High-risk drugs include cytotoxic chemotherapy drugs, high-concentration electrolyte preparations, muscle relaxants and so on. The list of high-risk drugs in hospitals should be updated synchronously with the relevant national regulations.
High-risk drugs management system is to promote the rational use of this drug and reduce adverse reactions. The management system is as follows:
1, high-risk drugs refers to drugs that have obvious and rapid pharmacological effects and are easy to cause harm to human body, including high-concentration electrolyte preparations, insulin preparations, muscle relaxants, cytotoxic drugs and vasoactive drugs. For details, please refer to the Catalogue of High-risk Drugs;
2. Regularly update the list of high-risk drugs, fully demonstrate the newly introduced high-risk drugs, and inform the clinic of drug information in time after introduction to promote rational clinical application;
3. On the basis of meeting the requirements of fragrance storage in the drug instructions, the storage places of high-risk drugs should be relatively concentrated, so as to avoid mixing with other drugs as much as possible;
4, high-risk drugs medicine rack should be eye-catching, set up red and white labels to remind medical staff;
5. High-risk drugs should be used in strict accordance with the instructions, and unconventional use should be checked again. When the electronic system displays high-risk drugs, it is displayed with yellow background and bold characters to play a warning role;
6. When using high-risk drugs, strictly implement the principle of 5R, and check the patient's name, bed number, drug name, drug dosage and route of administration.
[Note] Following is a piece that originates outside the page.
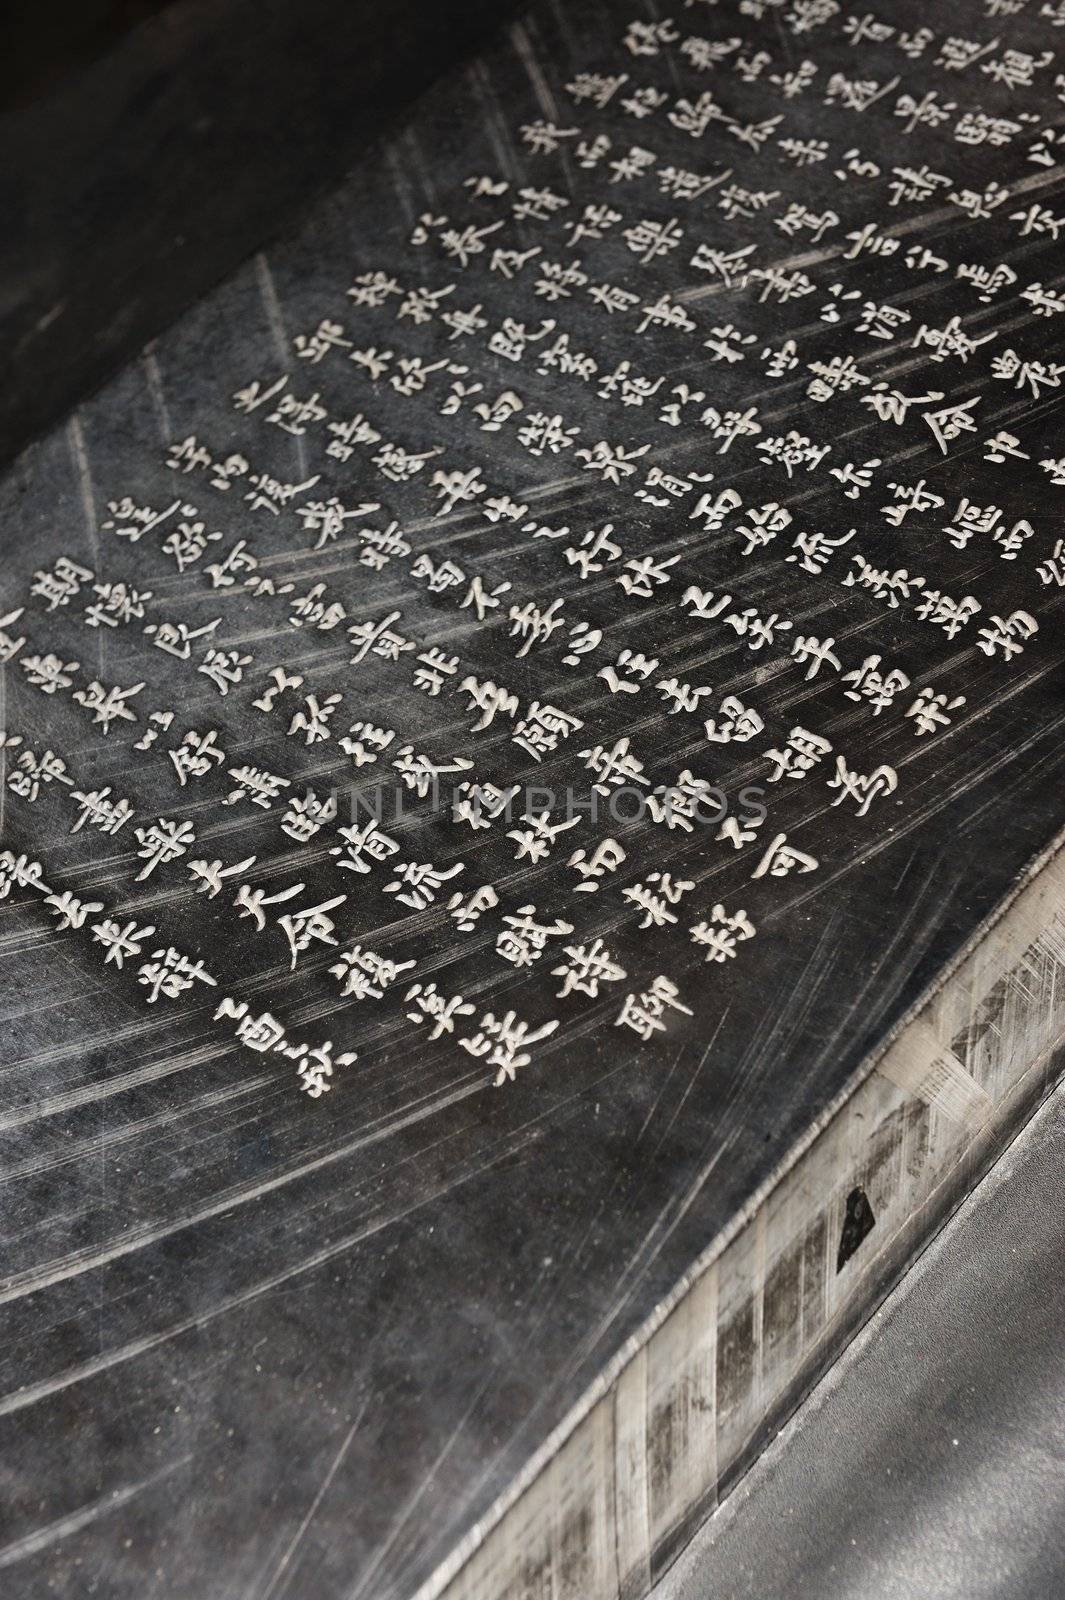 Chinese stone inscriptions by raywoo
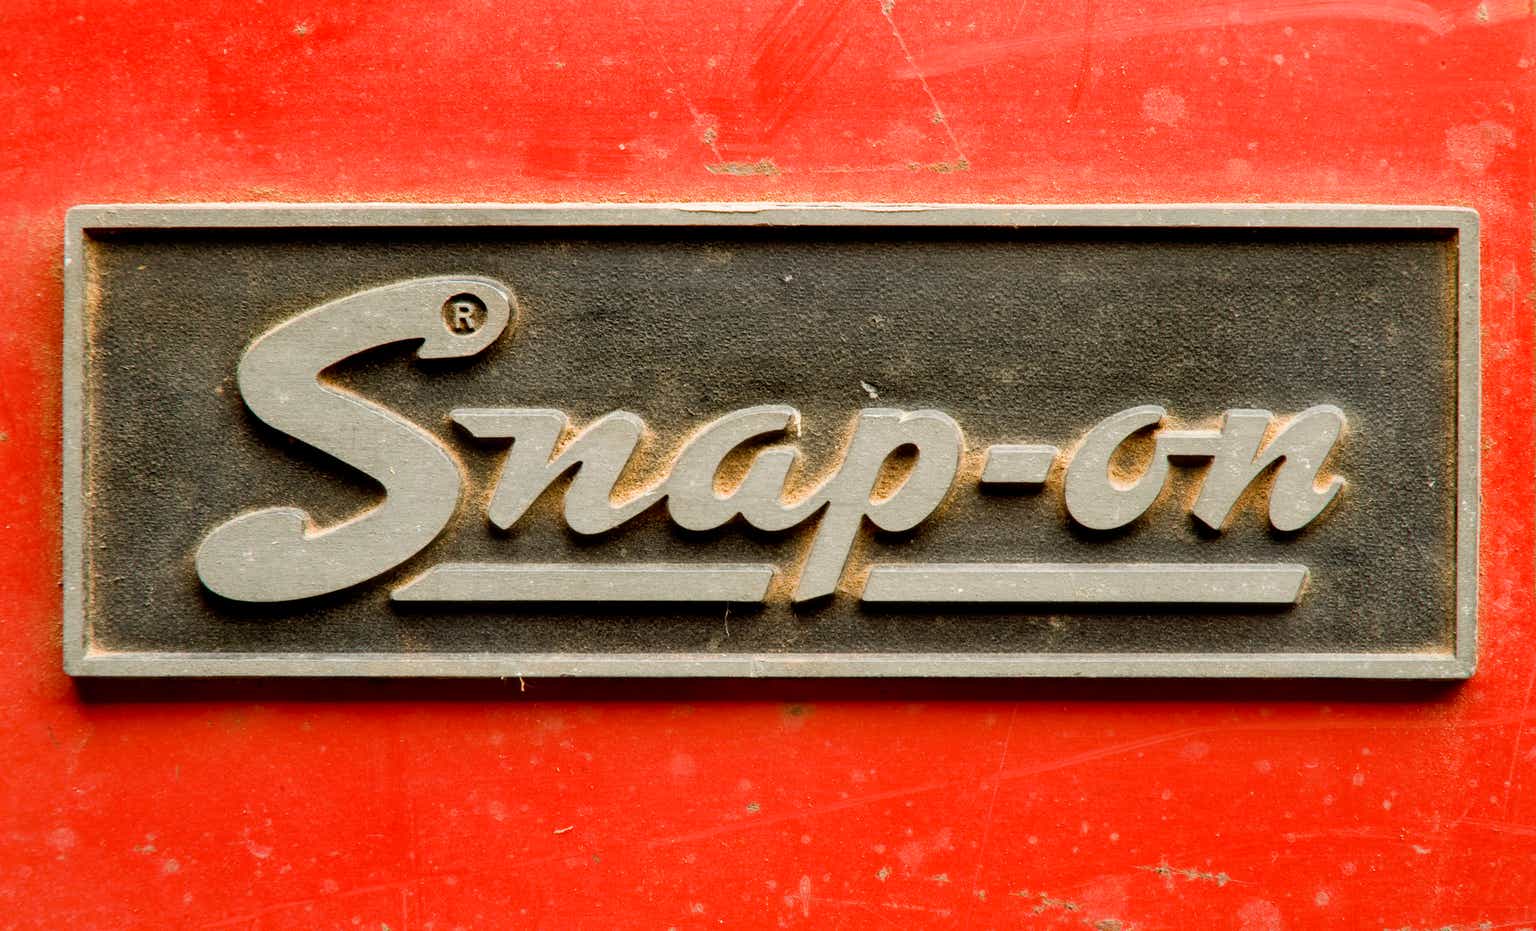 Snap-on: I Am Hoping To Buy During The Upcoming Recession

For patients who use high-risk drugs, it is necessary to strengthen monitoring, and once abnormal conditions are found, communicate with the attending doctor immediately and treat them in time;
7, high-risk drug dispensing and clinical use double review system, to ensure the accuracy of dispensing and use;
8, each department should strengthen the validity management of high-risk drugs, keep FIFO, to ensure safety and effectiveness. The pharmacy department counts every quarter, and the ward nurse station counts every day;
9. In principle, the nursing workstation does not store high-risk drugs (except rescue drugs). If necessary, it must be stored separately in a fixed place. The storage place shall be marked with eye-catching label paper, and the storage shall be limited, and the standby situation shall be checked regularly (quarterly);
10, all departments should strengthen the maintenance of high-risk drugs, strictly control the storage conditions of drugs, and store them in strict accordance with the storage conditions listed in the drug instructions approved by the state.
legal ground
People's Republic of China (PRC) Drug Administration Law
Article 30 The holder of a drug marketing license refers to an enterprise or a drug development institution that has obtained a Drug Registration Certificate.
The holder of drug marketing license shall be responsible for non-clinical research, clinical trials, production and marketing, post-marketing research, adverse reaction monitoring, reporting and handling of drugs in accordance with the provisions of this Law. Other units and individuals engaged in drug research, production, sale, storage, transportation and use shall bear corresponding responsibilities according to law. The legal representative and principal responsible person of the drug marketing license holder shall be fully responsible for the drug quality. Article 32 The holder of a drug marketing license may produce drugs by himself or entrust a drug production enterprise to produce drugs.
If the holder of the drug marketing license produces drugs on his own, he shall obtain a drug production license in accordance with the provisions of this law; Where production is entrusted, it shall be entrusted to a qualified pharmaceutical production enterprise for production. The holder of the drug marketing license and the entrusted production enterprise shall sign an entrustment agreement and a quality agreement, and strictly fulfill the obligations stipulated in the agreement.
The drug supervision and administration department of the State Council shall formulate the guidelines for the quality agreement of drug consigned production, and guide and supervise the holders of drug marketing licenses and consigned production enterprises to fulfill their obligations of drug quality assurance.
Shall not entrust the production of blood products, narcotic drugs, psychotropic drugs, toxic drugs for medical use and pharmaceutical precursor chemicals; However, unless otherwise provided by the drug supervision and administration department of the State Council.